Monday, December 7, 2020

Yuri Liberzon Releases a Bach Album

from Yuri Liberzon’s Web site

According my archives, I first encountered guitarist Yuri Liberzon at an Old First Concerts recital at Old First Presbyterian Church in August of 2010. Liberzon was born in Novosibirsk in Russia and raised in Israel. He came to the United States in 2000 to study with Manuel Barrueco at the Peabody Institute of Johns Hopkins University, where he received both a Bachelor of Music degree and a Graduate Performance Diploma. He subsequently received a Master of Music degree from Yale University, studying again with Barrueco and with Benjamin Verdery. Back in November of 2017, I used this site to write about his first two solo albums, Ascension and ¡Acentuado!

This year saw the release of Liberzon’s latest solo album, consisting of guitar transcriptions of the three solo violin sonatas by Johann Sebastian Bach, BWV 1001 in G minor, BWV 1003 in A minor, and BWV 1005 in C major. The transcriptions were prepared by Barrueco. Apparently, Liberzon is now handling distribution of his recordings, all three of which may now be purchased in physical or digital form from a Web page on his Web site.

Bach’s manuscript alternates these three sonatas with three solo partitas. His own title for the entire collection was Sei Solo a Violino senza Basso accompagnato (six solos for violin without bass accompaniment). Completed in 1720, the set was not published during his lifetime. The first publication was by Nikolaus Simrock, based in Bonn, in 1802. 1720 was roughly halfway through Bach’s tenure as Kapellmeister (director of music) for Leopold, Prince of Anhalt-Köthen. While Leopold himself played string instruments, he preferred the gamba and would probably have found the rich counterpoint of the solo violin sonatas too challenging.

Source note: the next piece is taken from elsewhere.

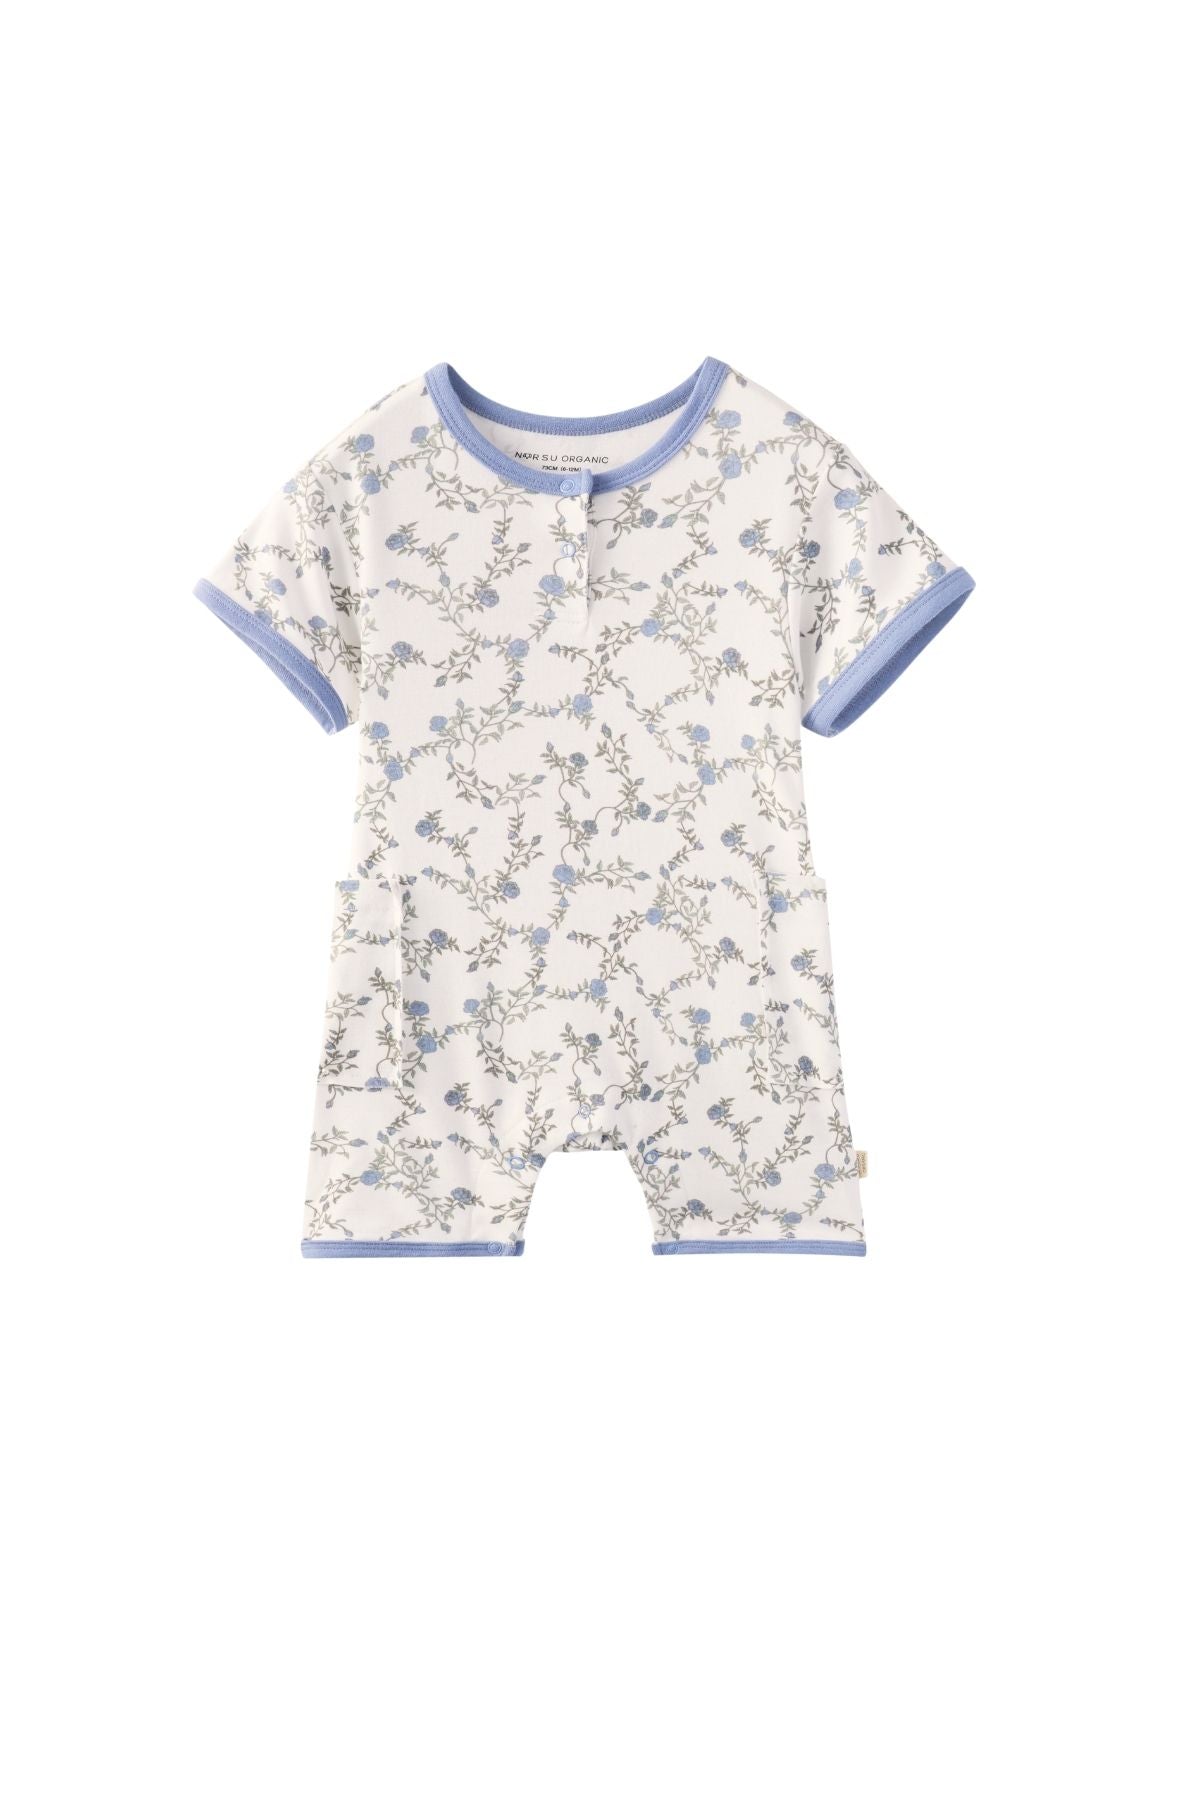 image for Baby Organic Bamboo Romper-Roses

More likely the virtuoso Christian Ferdinand Abel played these sonatas for the Prince’s entertainment.

While the Prince may have been well entertained, it is worth considering that Bach may have written this collection of six pieces with the same pedagogical intentions that he outlined specifically in the text introduction to the keyboard Inventions and Sinfonias (BWV 772–801), which were also composed during his tenure at Köthen. At the very least Bach may have written the sonatas to demonstrate how a solo violin could be capable of playing a fugue. Indeed, the fugues get longer as Bach progressed through these three sonatas, almost as if the sonatas served as a gradus ad Parnassum for violinists with virtuoso aspirations. For that matter, each of the four movements of each of the three sonatas serves up its own unique coupling of inventive “ideas” with expressive (“cantabile”) performance, very much in the same spirit as BWV 772–801.

In transcribing these sonatas, it is clear that Barrueco developed his own “inventive ideas” that would capture not only the “ideas” behind Bach’s scores but also the ability of a guitarist to present equally convincing expressiveness. Given how much time Liberzon spent studying with Barrueco, we should not be surprised to encounter those same ideas and expressions in his performances of these three sonatas. My only regret is that the album is an “audio only” experience. I have encountered many of the solo violin compositions in recital; and the best performances are those that shape the expressiveness to establish communion with the audience, rather than simply showing off the soloist’s technical skills. (Gil Shaham is the first violinist whose name comes to mind in this regard.) Much as I enjoy this new album, its greatest virtue is that it leaves me eager to listen to Liberzon play these sonatas in a recital setting.